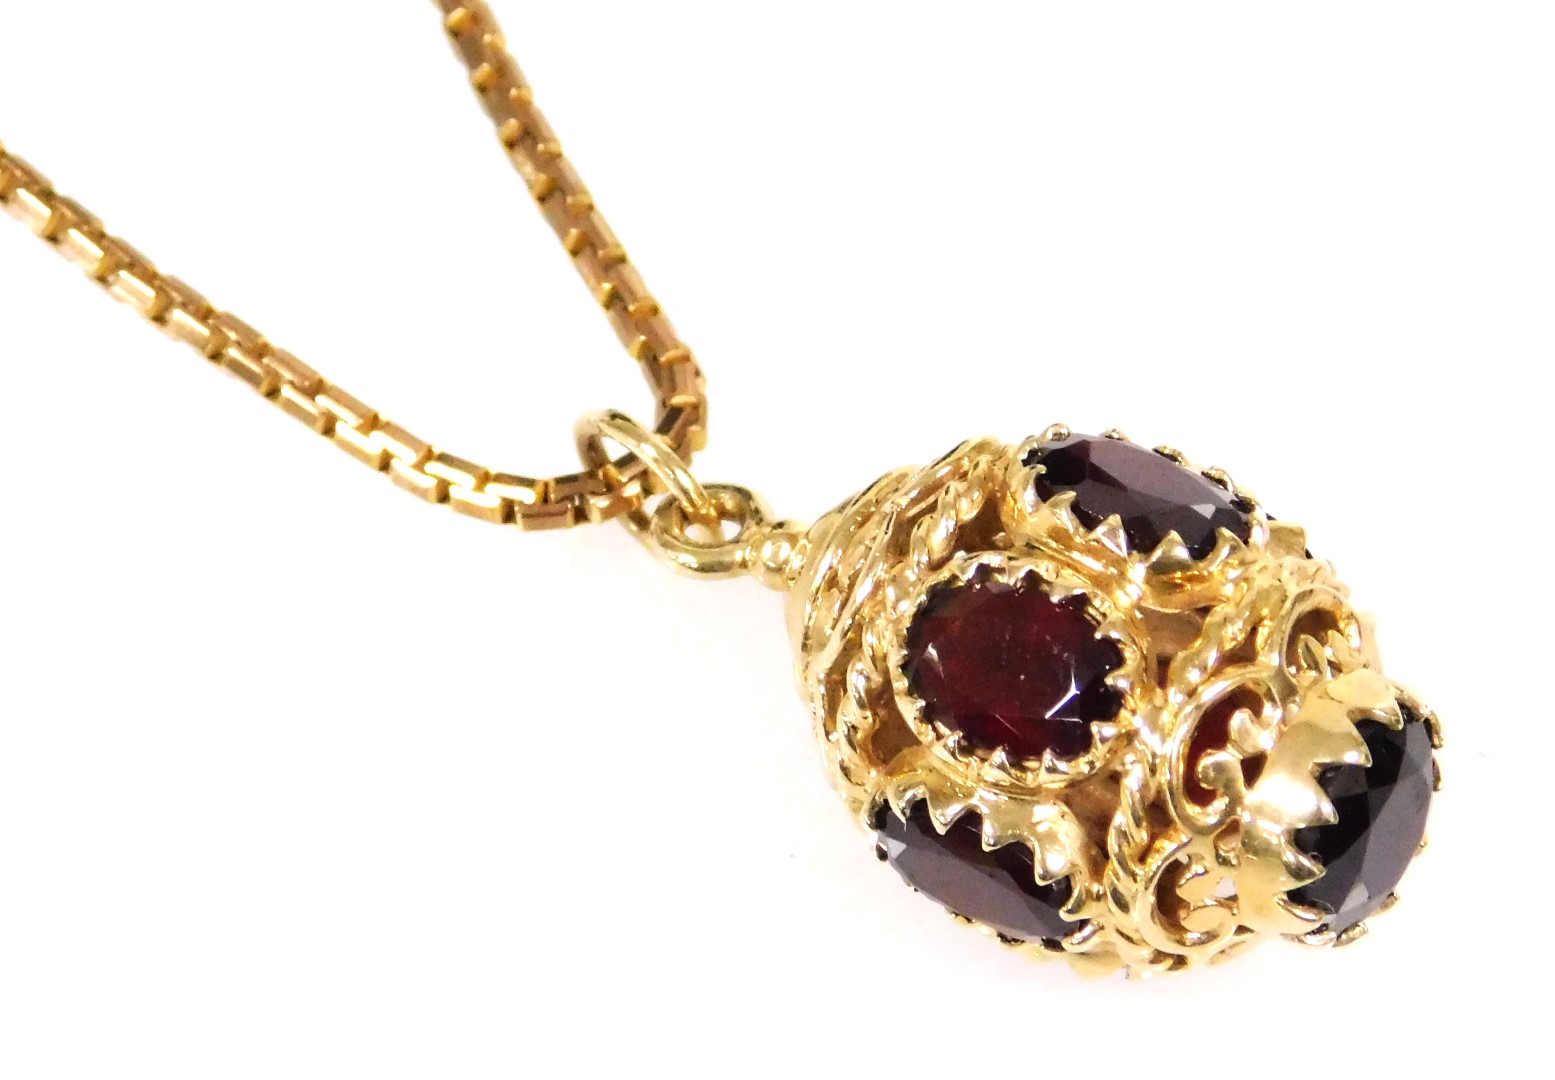 A 9ct gold and garnet pendant, of Turkish lantern form, on a 9ct gold box link neck chain, with bolt
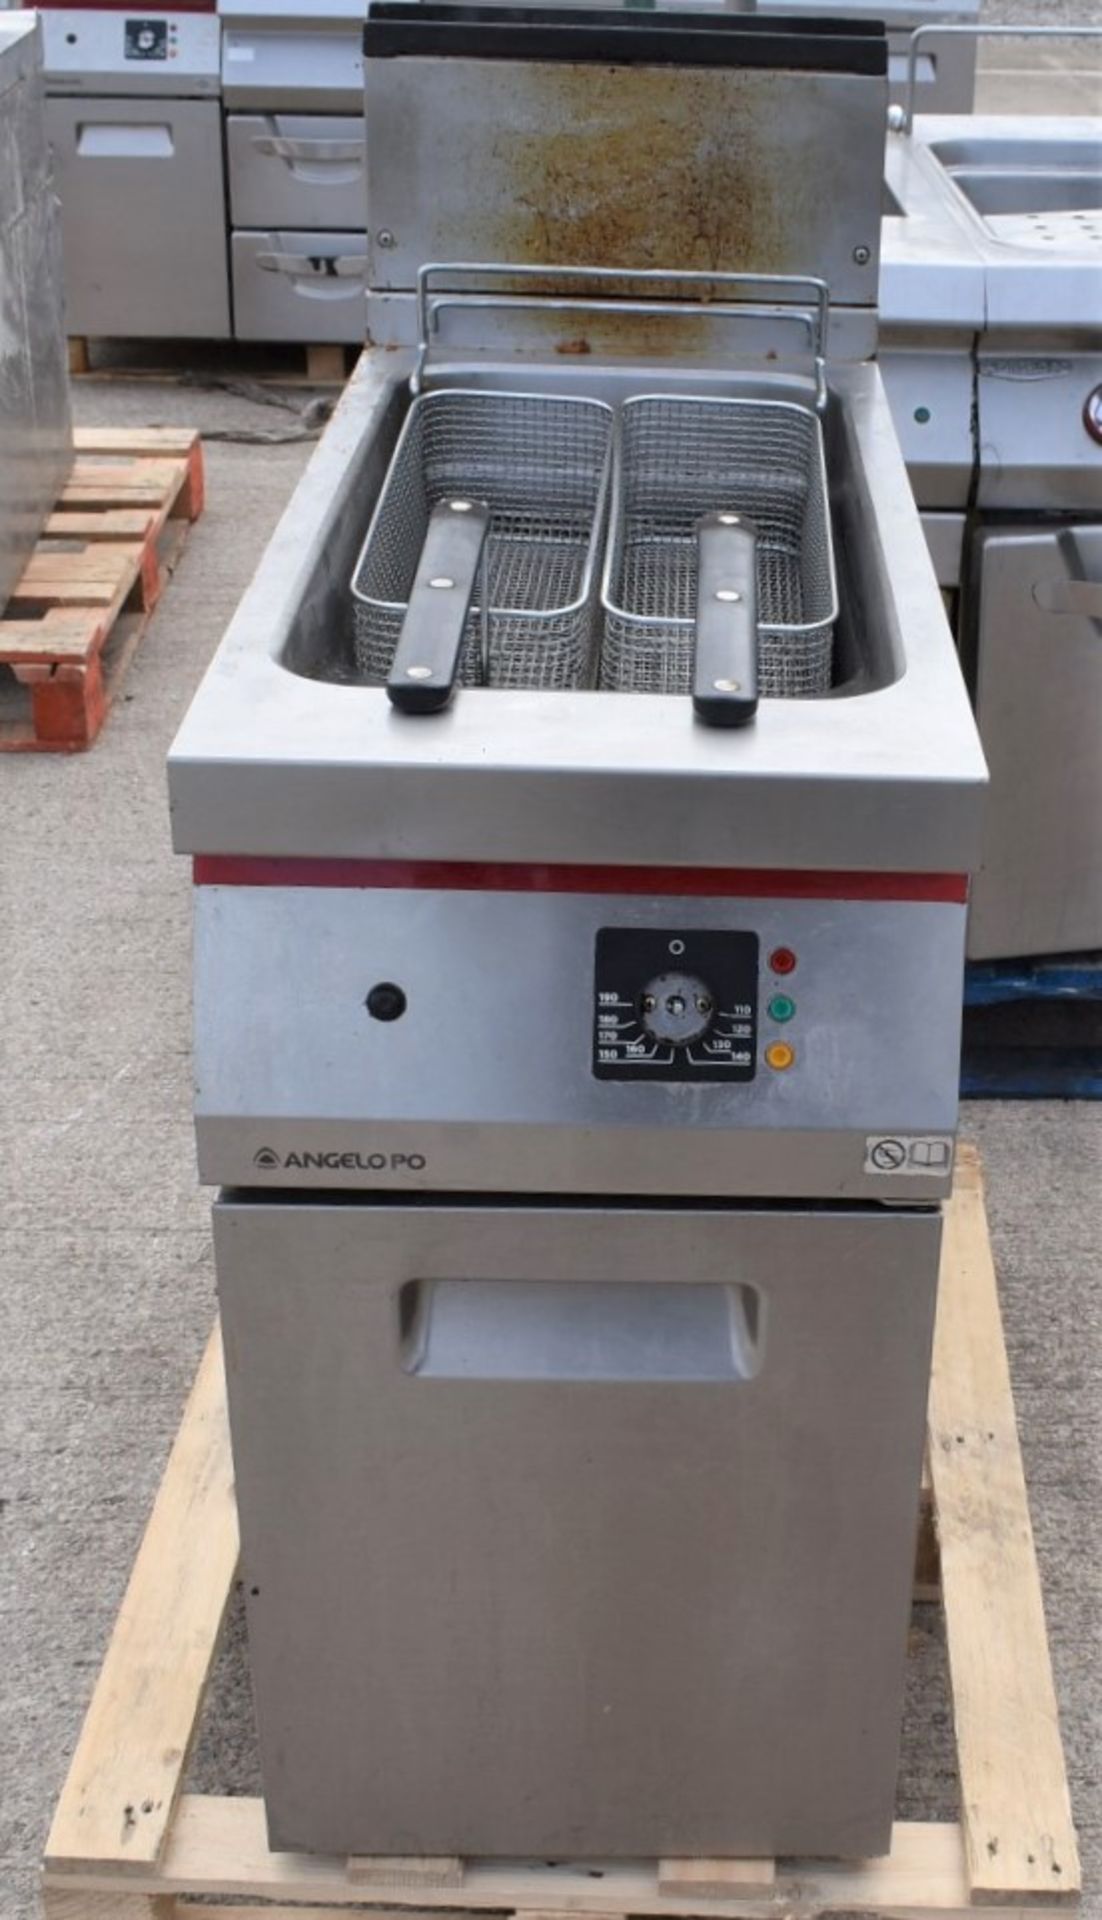 1 x Angelo Po Single Tank Gas Fryer With Baskets - AISI 304 Stainless Steel Finish - Latest Design - Image 5 of 5
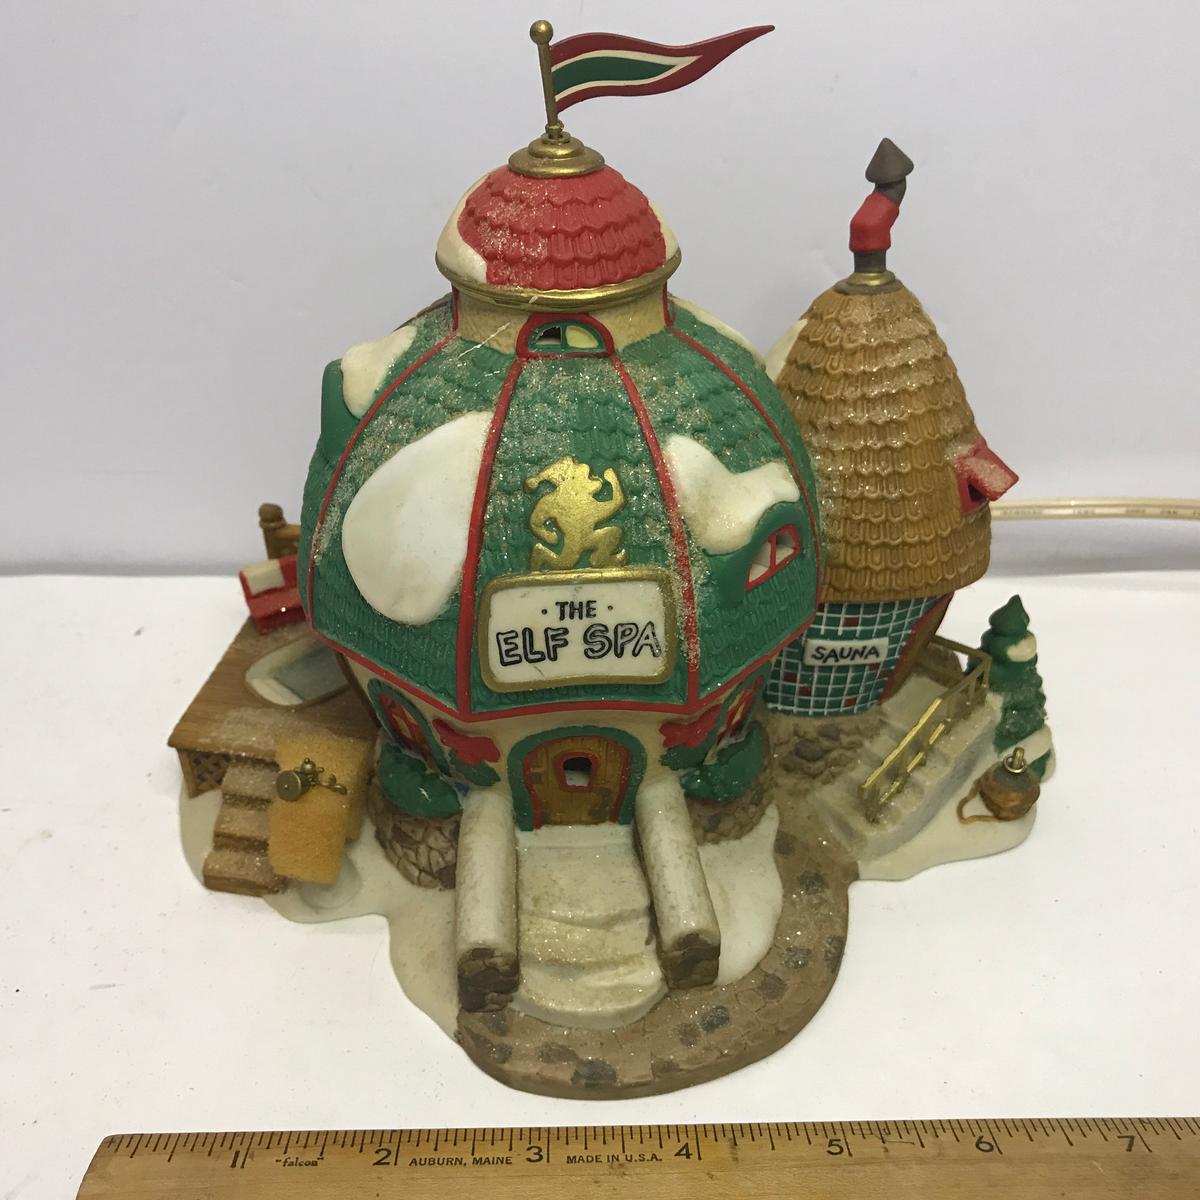 Department 56 North Pole Series "Elf Land The Elf Spa" Lighted Village House
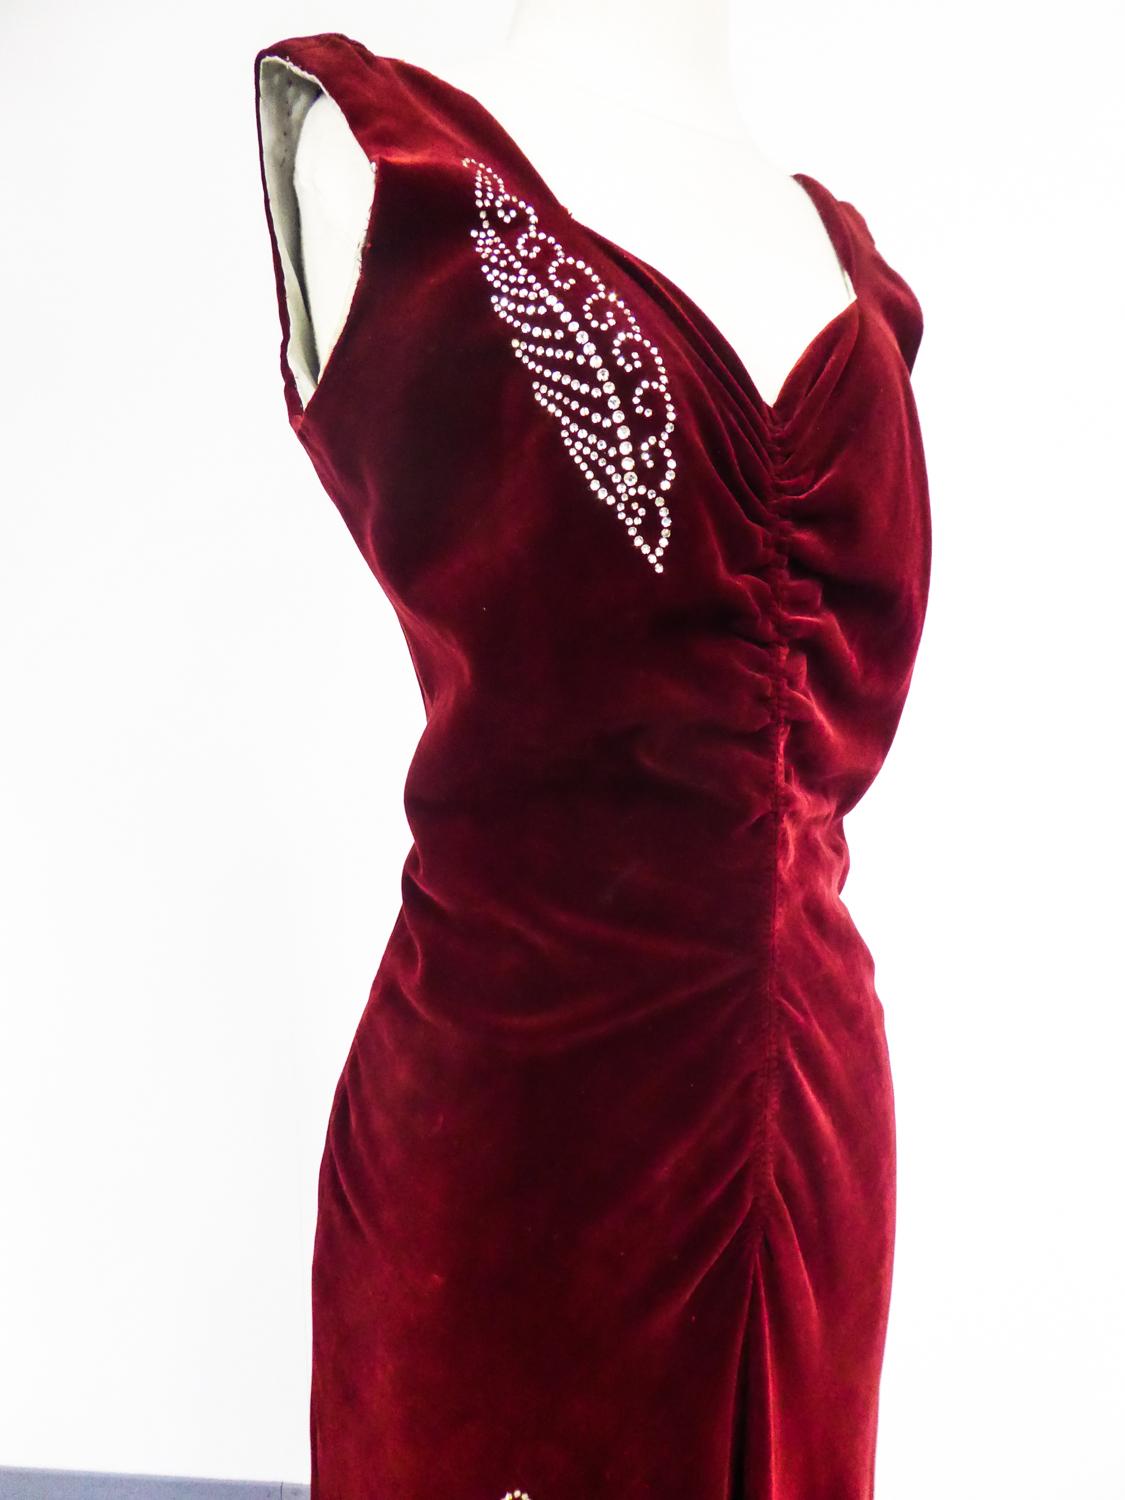 Circa 1935
France

Rare long collector's evening dress, French Haute Couture by Nicole Groult, famous sister of Paul Poiret and dating from the 1935s. Sleeveless dress in carmine red silk velvet underlined with Swarovski rhinestone embroidery with

Problem description >>
For each record above, write out every line exactly and skip the pictures.

Written response >>
 A 9ct gold and garnet pendant, of Turkish lantern form, on a 9ct gold box link neck chain, with bolt
 1 x Angelo Po Single Tank Gas Fryer With Baskets - AISI 304 Stainless Steel Finish - Latest Design - Image 5 of 5
 Department 56 North Pole Series "Elf Land The Elf Spa" Lighted Village House
 Circa 1935
France

Rare long collector's evening dress, French Haute Couture by Nicole Groult, famous sister of Paul Poiret and dating from the 1935s. Sleeveless dress in carmine red silk velvet underlined with Swarovski rhinestone embroidery with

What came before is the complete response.